Start of Block

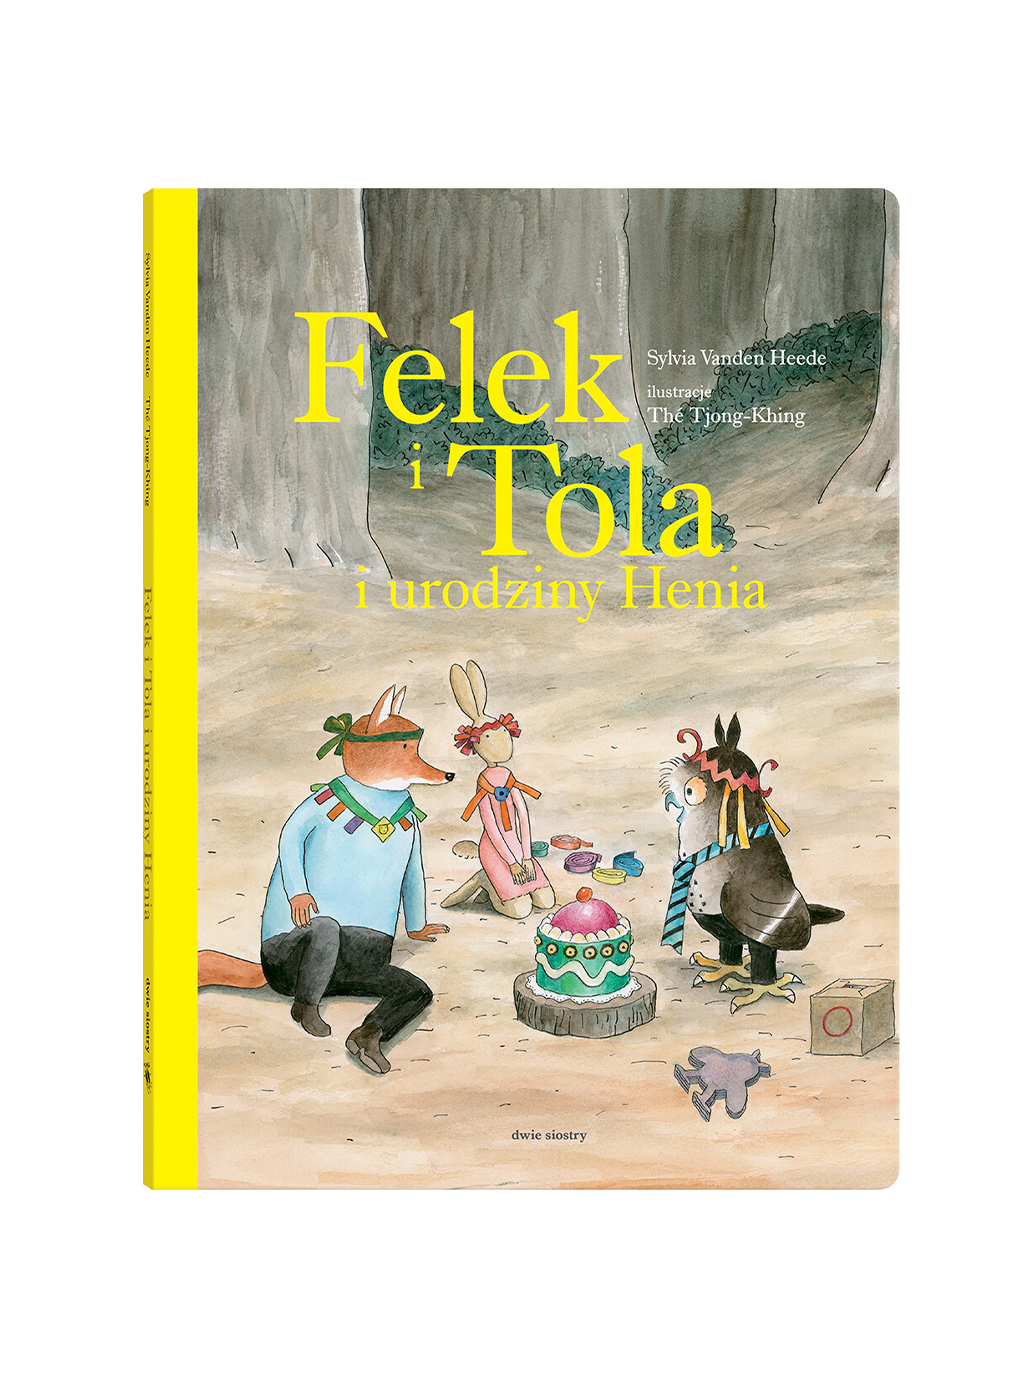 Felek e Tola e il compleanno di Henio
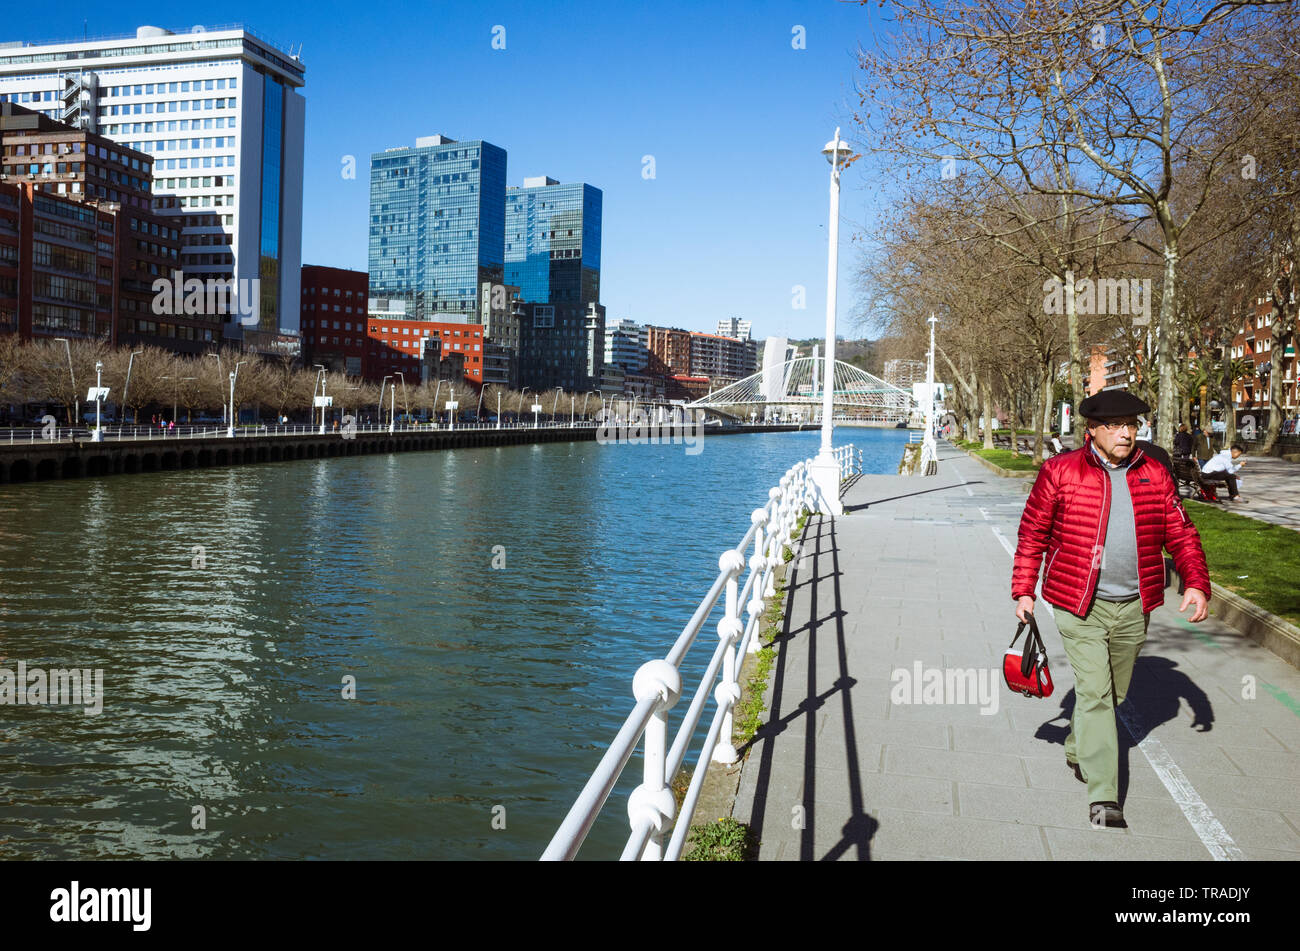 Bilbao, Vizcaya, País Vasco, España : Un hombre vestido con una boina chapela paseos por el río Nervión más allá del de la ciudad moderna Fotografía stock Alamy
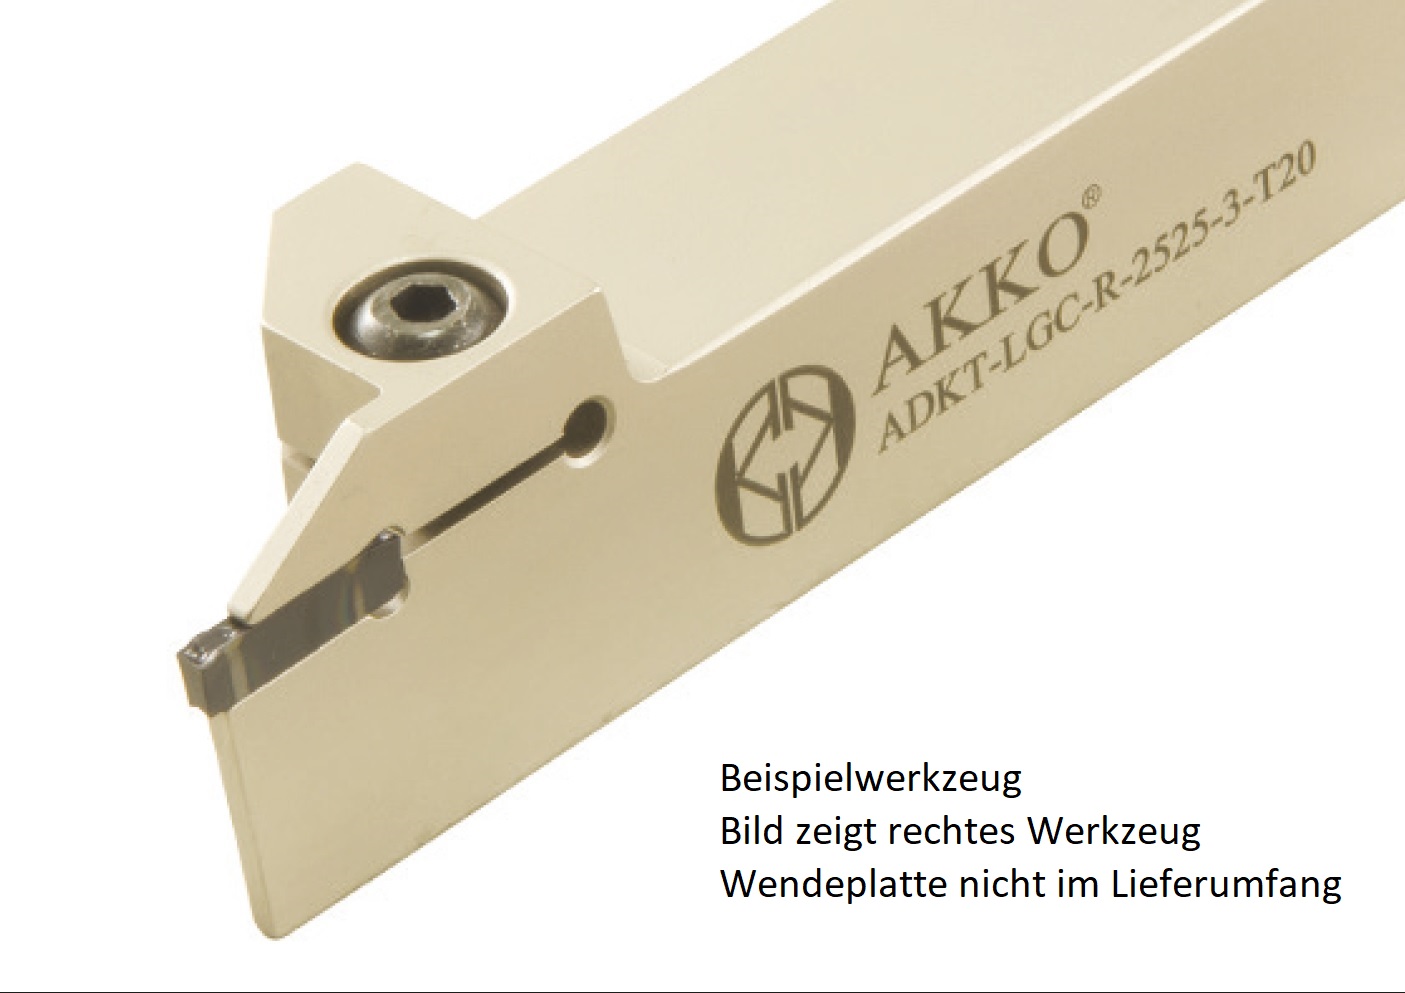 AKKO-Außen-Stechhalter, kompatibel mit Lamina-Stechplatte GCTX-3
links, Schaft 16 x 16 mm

End of Block

Task description ->
The pictures in the data should be omitted, and every remaining line set down exactly.

The answer ->
 Felek e Tola e il compleanno di Henio
 Bilbao, Vizcaya, País Vasco, España : Un hombre vestido con una boina chapela paseos por el río Nervión más allá del de la ciudad moderna Fotografía stock Alamy
 AKKO-Außen-Stechhalter, kompatibel mit Lamina-Stechplatte GCTX-3
links, Schaft 16 x 16 mm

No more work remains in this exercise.